Louis Giuffrida resigned Wednesday as director of the federal...

By HELEN THOMAS, UPI White House Reporter

WASHINGTON -- Louis Giuffrida resigned Wednesday as director of the federal civil preparedness agency, subject of a yearlong congressional investigation of alleged fraud, abuse and waste, an agency spokesman said.

Giuffrida, a longtime associate of Attorney General Edwin Meese, submitted his resignation as head of the Federal Emergency Management Agency, effective Sept. 1, said FEMA spokesman Robert Mahaffey. The White House accepted the resignation.


A congressional subcommittee last year uncovered allegations of fraud and misconduct during Giuffrida's tenure as director of FEMA.

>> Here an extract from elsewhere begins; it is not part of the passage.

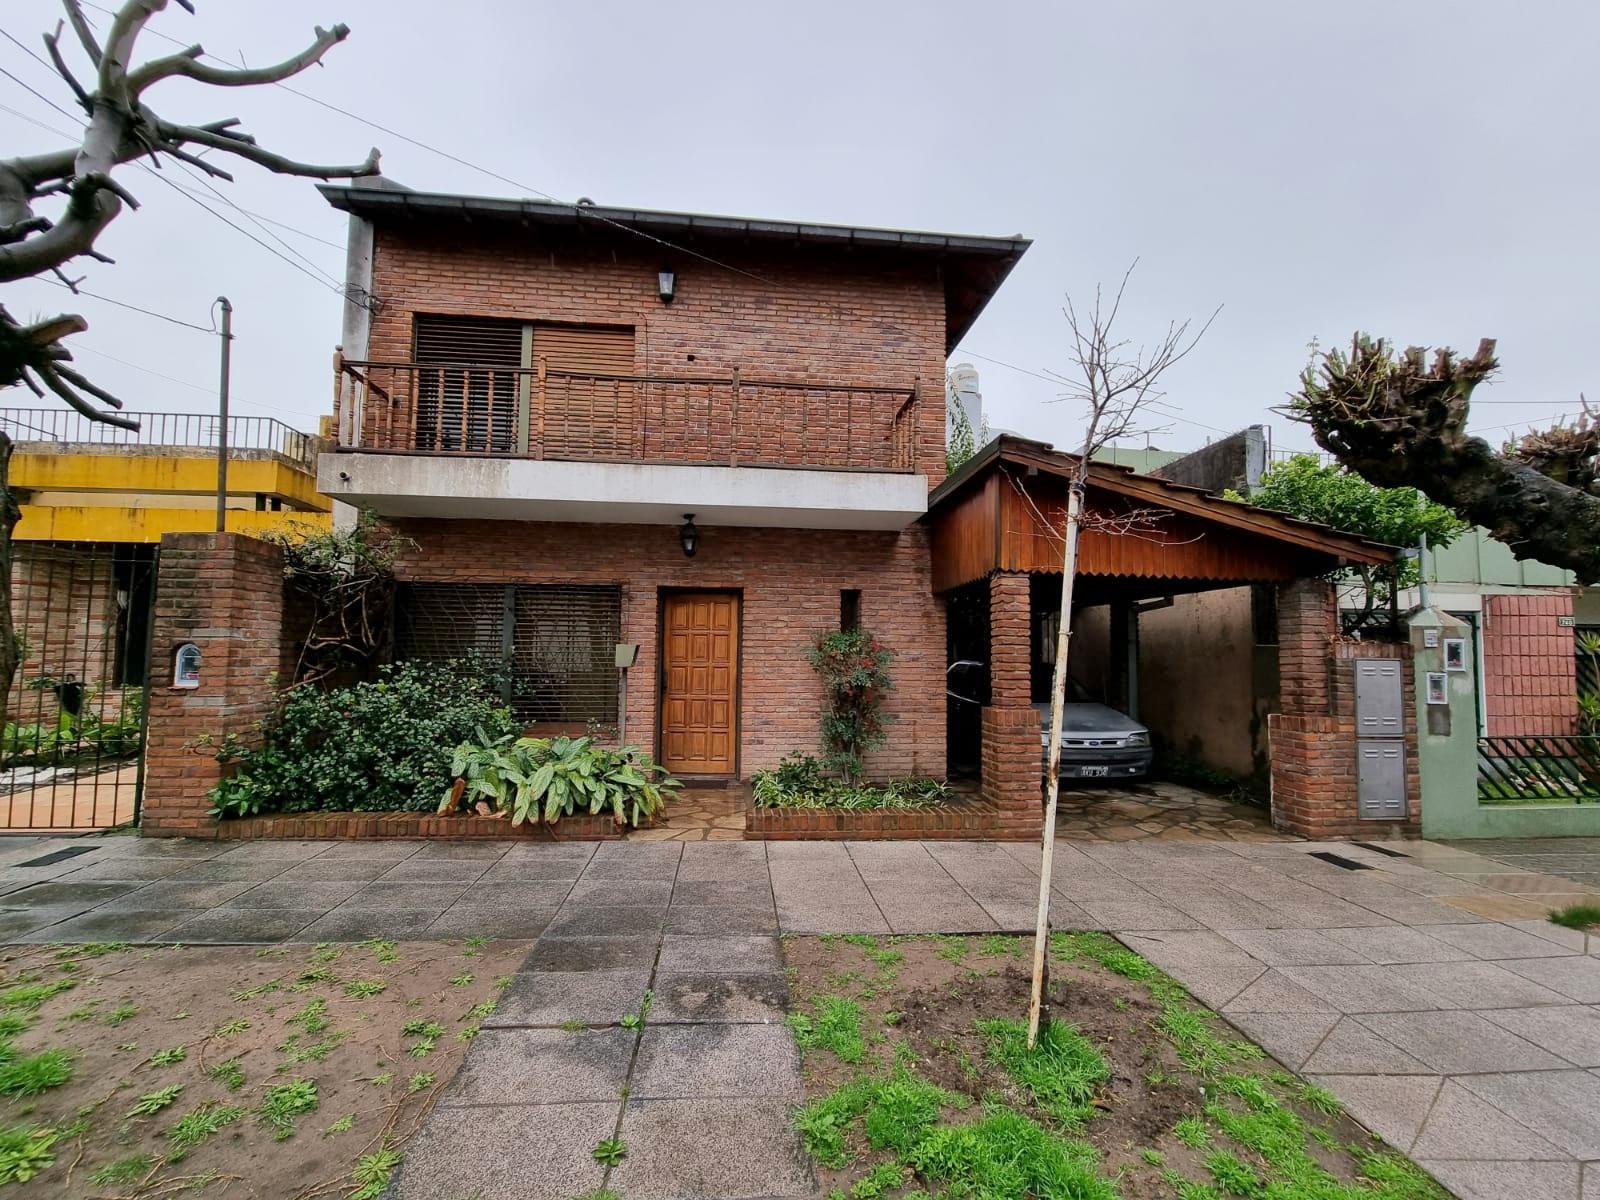 Casa 4 Amb. con Jardín y Cochera Cerca de Av. Mitre – Paraguay 700
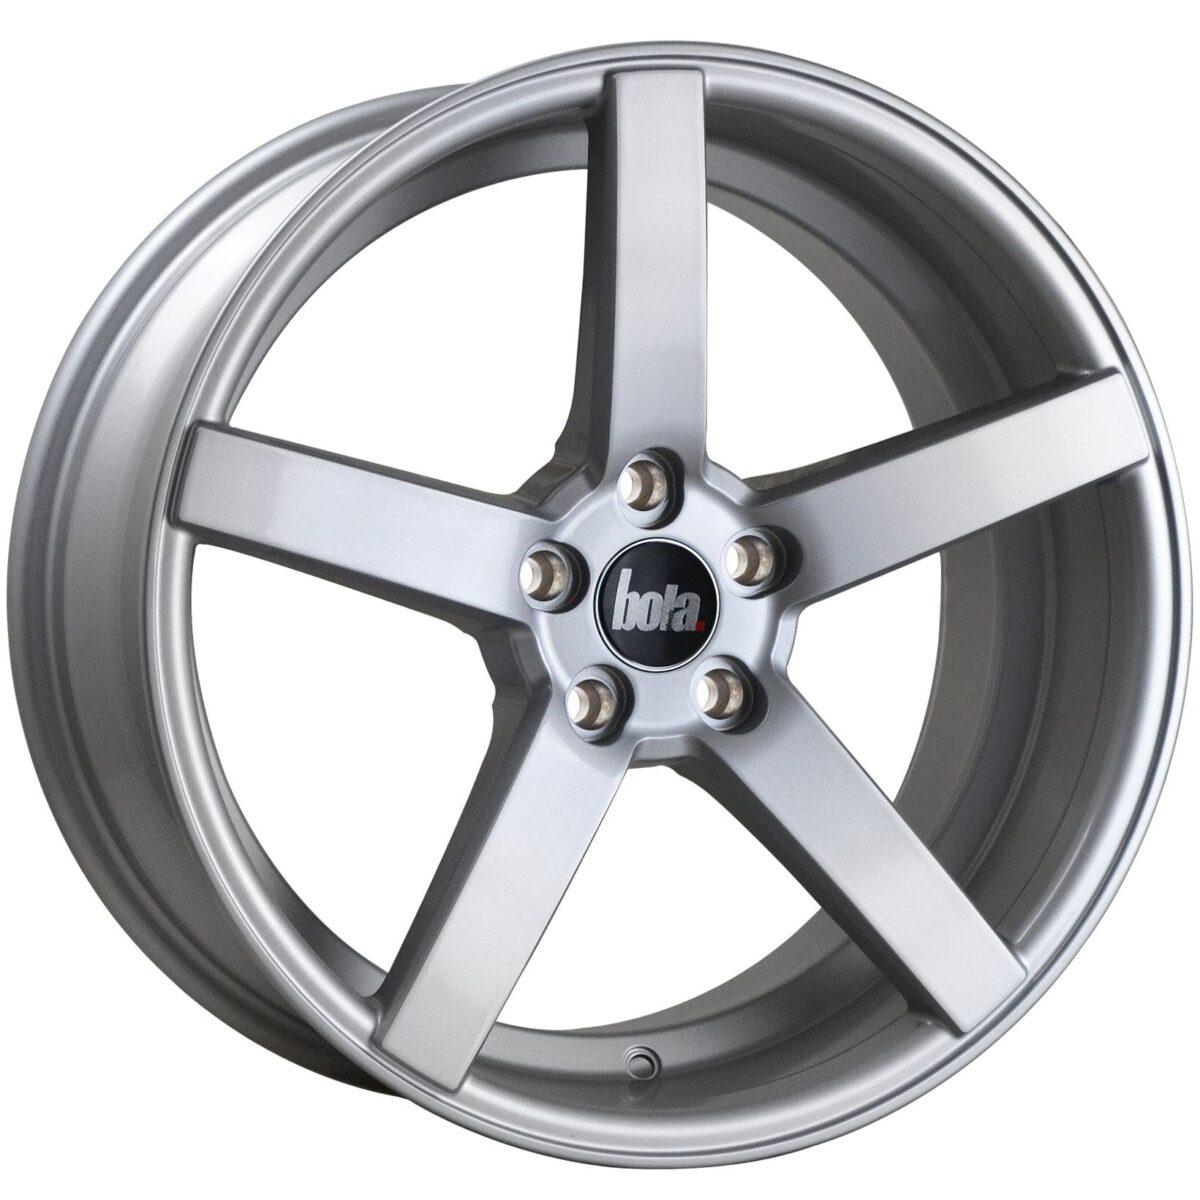 """18"""" BOLA B2 Wheels - Silver - VW / Audi / Mercedes - 5x112"""

'Mr. Giuffrida's tenure as head of this important agency has been riddled with controversy, from allegations of misuse of government personnel and property to revelationsof waste, fraud and abuse,' said Sen. Albert Gore, D-Tenn., who headed the congressional panel that investigated the agency while he was a member of the House.

'His resignation marks the end of a disastrous era for FEMA and brings hope for more competent stewardship,' the senator said.


Gore said his investigation disclosed that Giuffrida and his executive deputy director, Fred Villella, had approved the illegal construction of a residence on government property for their private use at a cost of more than $170,000 in public funds.

Villella resigned two days after Gore's subcommittee opened its hearing.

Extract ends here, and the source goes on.